Onunla geçirdiğim son anlardı. Son anlarımızdı.

Onu bırakmak için çok erkendi. Herşey için çok erkendi. Bizim için. Ailesi için. Ölmesi için.

Daha bizim kendi ailemiz olucaktı. Bacaklarımıza sarılıp peşimizden koşan minik Esila ve Egemiz olucaktı. OLMALIYDI. 

Ona veda mı etmeliydim? Ya da sessizce elini tutup göz yaşlarımı serbest mi bırakmalıyım ? 

Ne yapmalıyım?

" Bana masal anlatır mısın?" dedi kısık sesiyle.

Gülümseyerek burnumu çektim.

" Bir varmış bir yokmuş.." 

Bir varmış bir yokmuş diye başlayan masalların hiçbirinde ayrılık yoktur derler.
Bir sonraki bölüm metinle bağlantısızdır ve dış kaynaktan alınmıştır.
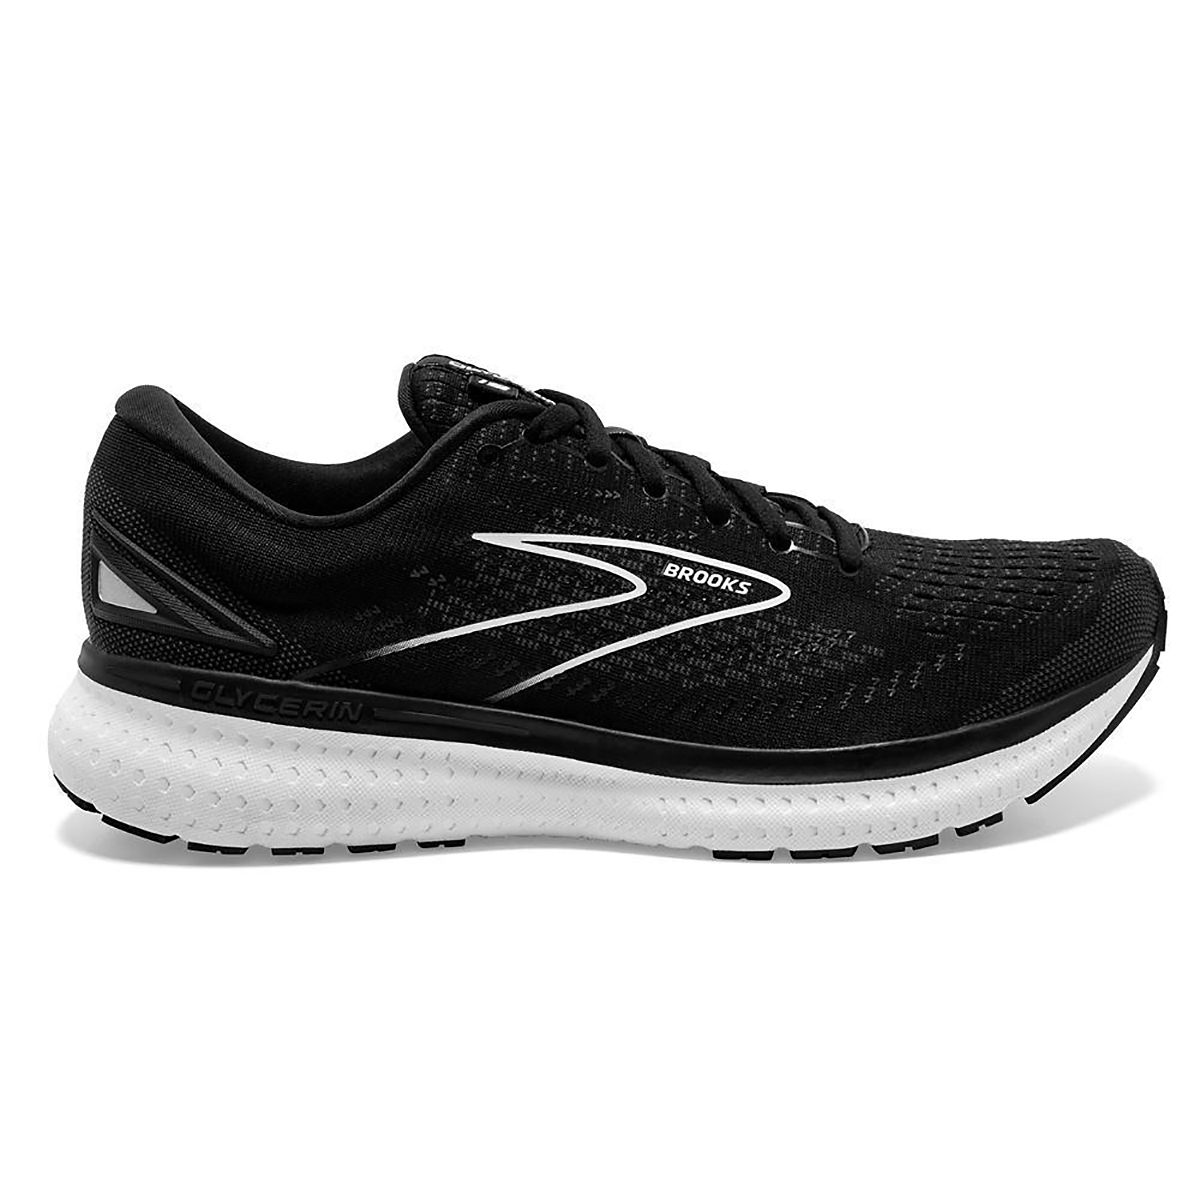 Men's Brooks Glycerin 19 Running Shoe - Color: Black/White - Size: 7 - Width: Regular, Black/White, large, image 1

Biz neden kurallara uymuyorduk ki ?

" Doruk ve Mercan adında iki genç varmış..." ikimizin başına geçenleri kısaca masal gibi anlatıp gözlerine bakıyordum. " Doruk hastalığını yenmiş ve hastaneden çıkmıştı. Mercanla beraber hayalindeki çocuklarıyla beraber evlerinde mutlu mesut yaşamışlar " diyerek hikayemi sonlandırdım. 
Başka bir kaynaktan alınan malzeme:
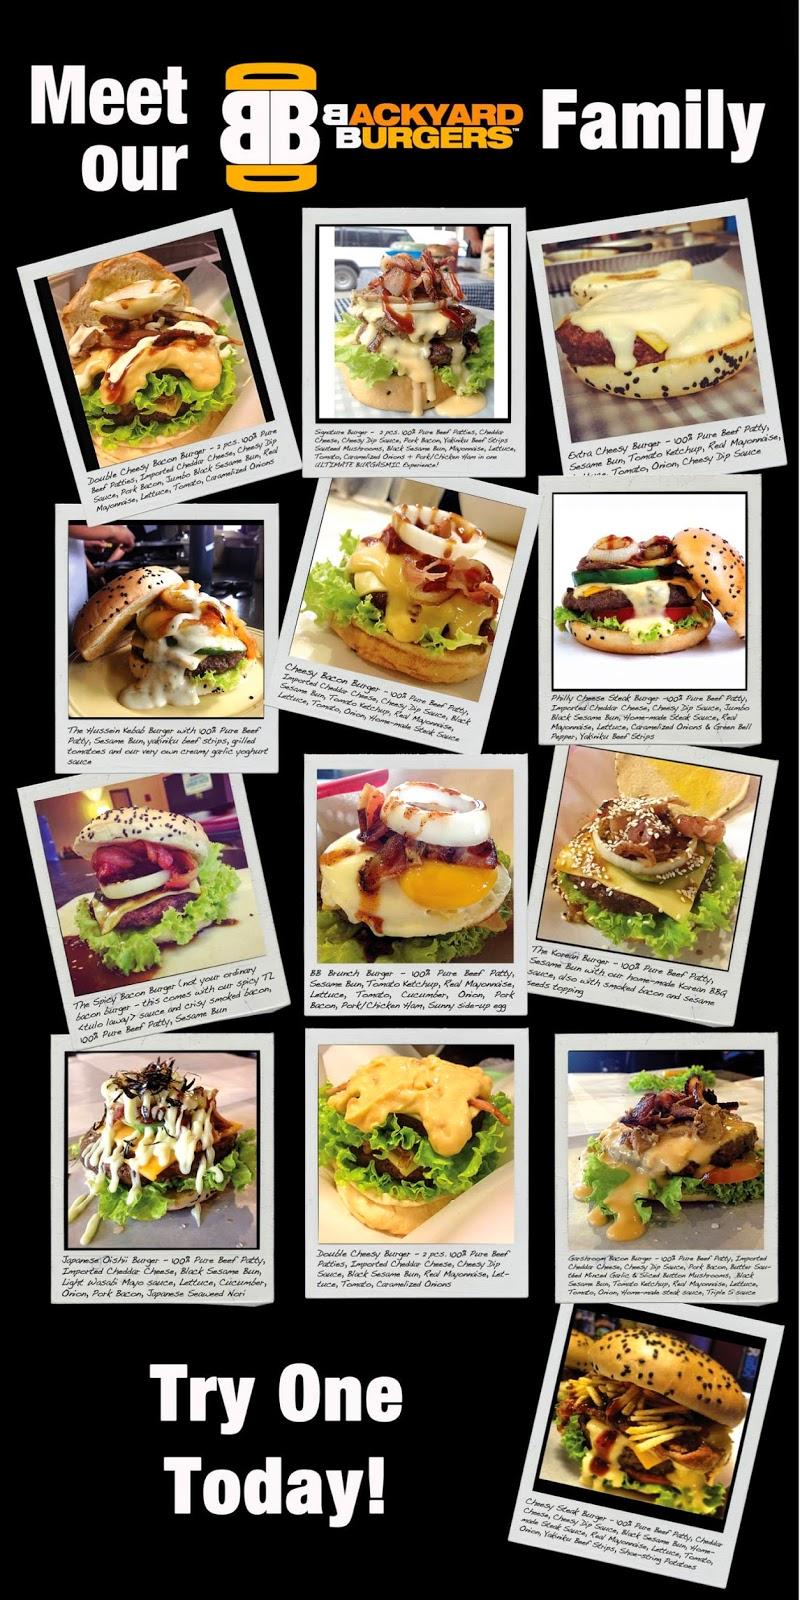 eats good to be in cagayan de oro backyard burgers will be in cdo

Doruğun ellerini yüzüme uzatıp göz yaşlarımı silmesiyle farkettim ağladığımı. Ne zamandır ağlıyordum?

Çaresiz olmaktan da, çaresiz gözükmekten de nefret ediyordum.

" Mercan. "

" Efendim Birtanem " dedim burnumu çekerek.

" Ne olursa olsun kendine iyi bak üzme tamam mı ? Seni çok seviyorum." 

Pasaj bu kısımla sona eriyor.